Aa (pronounced "double a") is the debut studio album by American record producer Harry Rodrigues, under his alias Baauer, released by LuckyMe on March 18, 2016. It has guest features by Future, G-Dragon, Leikeli47, M.I.A., Novelist, Pusha T, Rustie, Tirzah and TT the Artist.
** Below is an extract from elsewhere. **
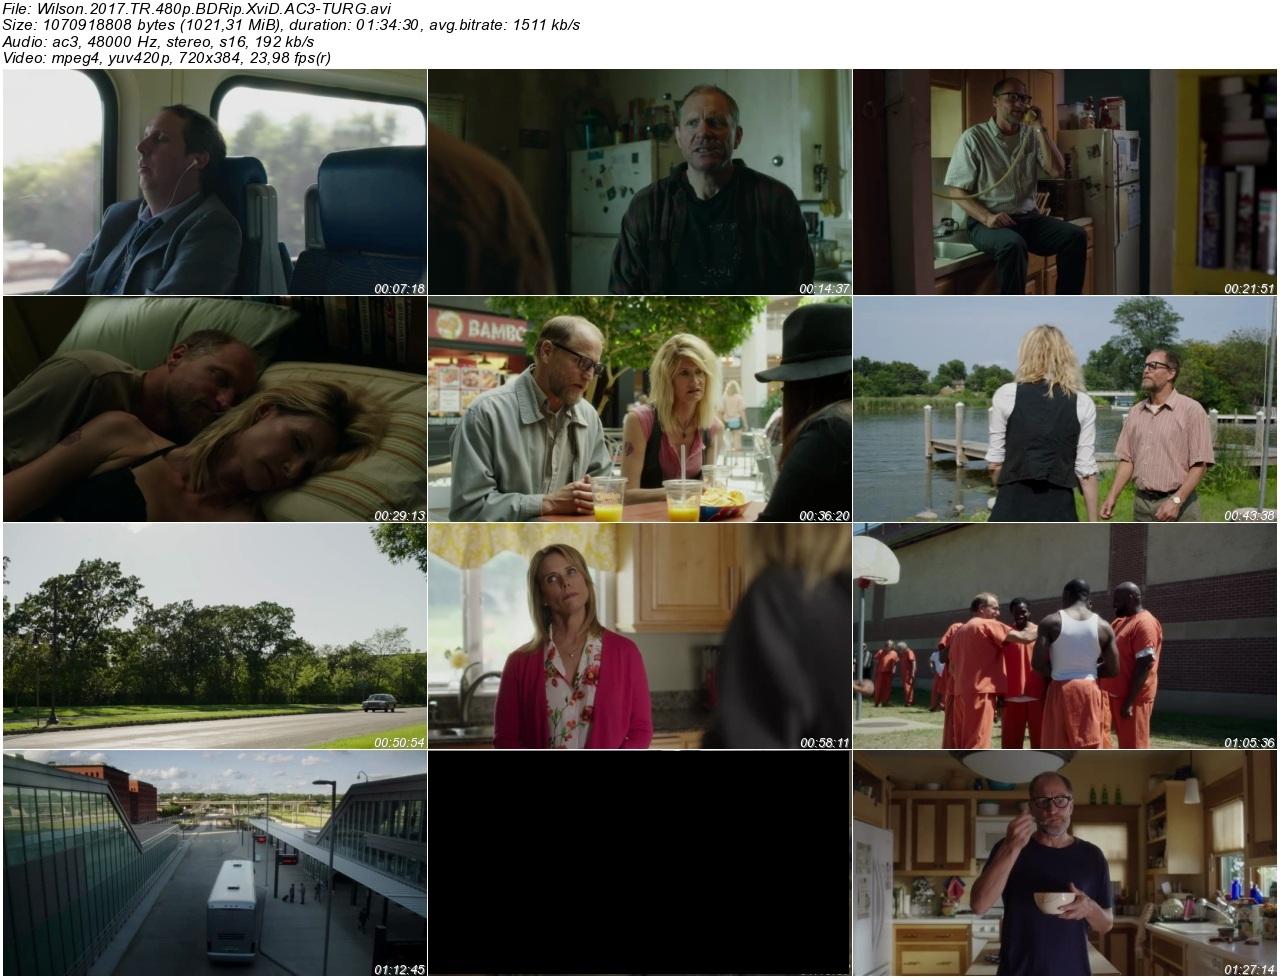 Wilson 2017 - 1080p 720p 480p - Türkçe Dublaj Tek Link indir

==Background and recording==

That song ["Harlem Shake"] gave me the opportunity to travel the world. The whole world. And in doing so learnt more about music than I could have ever imagined. But more so than anything I discovered, what makes a sound special to me is its imperfections, its peculiarities. I spent the last couple years trying to get all of those imperfections into one record, and I think finally it makes sense.
— - Rodrigues, 2016

After Rodrigues' debut single, "Harlem Shake", spawned numerous Internet memes, he stated that "it became corny and annoying as fuck". He also stated: "I didn't want to be an EDM producer and I still don't want to be".

The album is named after Rodrigues' stage name, Baauer. He said: "I have two A's in my name, and also the first release I did on LuckyMe was ß, so this is gonna be Aa and in the future I'll do a U, and then ER".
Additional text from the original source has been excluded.